US Speeds Entry for Ukrainians as More Reach Mexico Border
The United States has sharply increased the number of Ukrainians admitted to the country at the Mexican border as more refugees fleeing the Russian invasion follow the same circuitous route.
A government recreation center in the Mexican border city of grew to about 1,000 refugees on Thursday, according to city officials. A canopy under which children played soccer only two days earlier was lined with bunk beds and packed with people in rows of chairs.
Tijuana has suddenly become a final stop for Ukrainians seeking refuge in the U.S., where they are drawn by friends and families ready to host them and are convinced the U.S. will be a more suitable haven than Europe.
Word has spread rapidly on social media that a loose volunteer coalition, largely from Slavic churches in the western United States, is guiding hundreds of refugees daily from the Tijuana airport to temporary shelters, where they wait two to four days for U.S officials to admit them on humanitarian parole.

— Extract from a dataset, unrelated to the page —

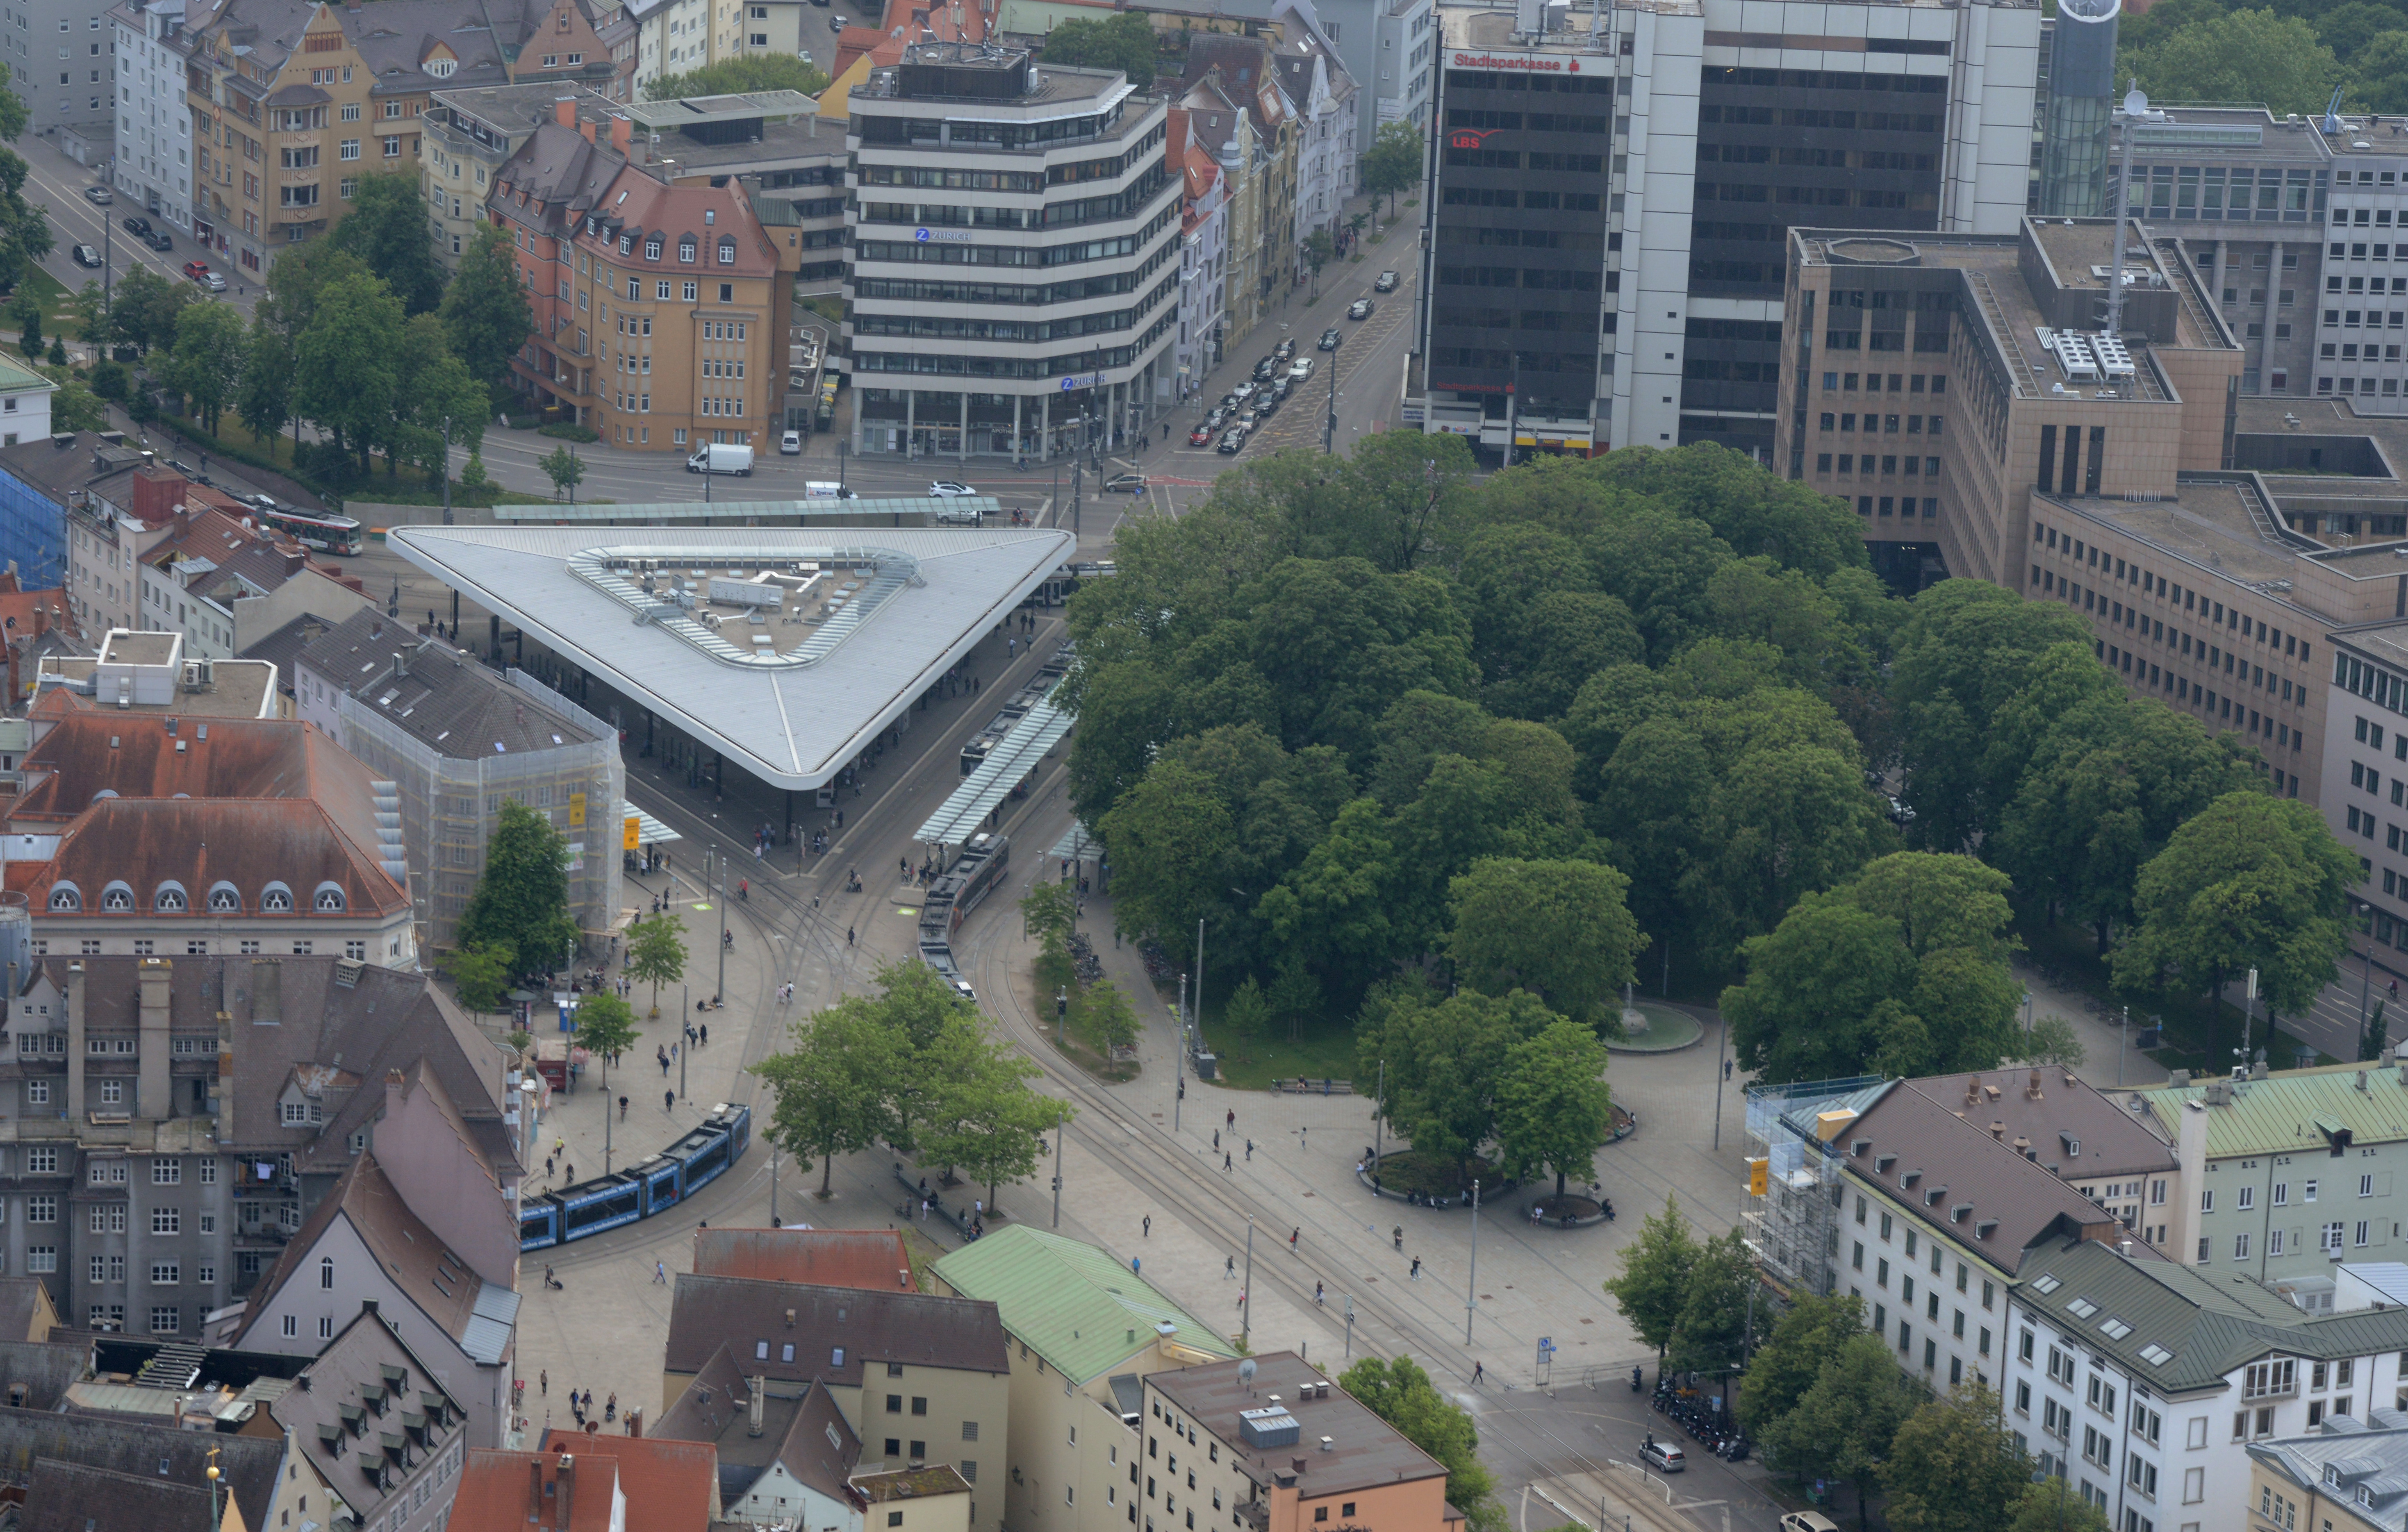 Das Luftbild zeigt den Königsplatz und die umliegenden Straßen von oben. Zu sehen sind mehrere Autos, Busse und Straßenbahnen, aber auch zahlreiche Fußgänger.

In less than two weeks, volunteers worked with U.S. and Mexican officials to build a remarkably efficient and expanding network to provide food, security, transportation, and shelter.
U.S. officials began funneling Ukrainians on Wednesday to a pedestrian crossing in San Diego that is temporarily closed to the public, hoping to process 578 people a day there with 24 officers, said Enrique Lucero, the city of Tijuana’s director of migrant affairs.
Vlad Fedoryshyn, a volunteer with access to a waiting list, said Thursday that the U.S. processed 620 Ukrainians over 24 hours, while about 800 others are arriving daily in Tijuana. Volunteers say the U.S. was previously admitting a few hundred Ukrainians daily.
U.S. Customs and Border Protection didn’t provide numbers in response to questions about operations and plans over the last two days, saying only that it has expanded facilities in San Diego to deal with humanitarian cases.
On Thursday, Ukrainians steadily arrived and left the bustling recreation center, wheeling large suitcases. Some wore winter coats in unseasonably warm weather.
A Tijuana camp that had held hundreds of Ukrainians near the busiest border crossing with the U.S. was dismantled. Refugees dispersed to the recreation center, churches, and hotels to wait.
The volunteers, who wear blue and yellow badges to represent the Ukrainian flag but have no group name or leader, started a waiting list on notepads and later switched to a mobile app normally used to track church attendance. Ukrainians are told to report to a U.S. border crossing as their numbers approach, a system organizers liken to waiting for a restaurant table.
“We feel so lucky, so blessed,” said Tatiana Bondarenko, who traveled through Moldova, Romania, Austria, and Mexico before arriving in San Diego with her husband and children, ages 8, 12, and 15. Her final destination was Sacramento, California, to live with her mother, who she hadn’t seen in 15 years.
Another Ukrainian family posed nearby for photos under a U.S. Customs and Border Protection sign at San Diego’s San Ysidro port of entry, the busiest crossing between the U.S. and Mexico. Volunteers under a blue canopy offered snacks while refugees waited for family to pick them up or for buses to take them to a nearby church.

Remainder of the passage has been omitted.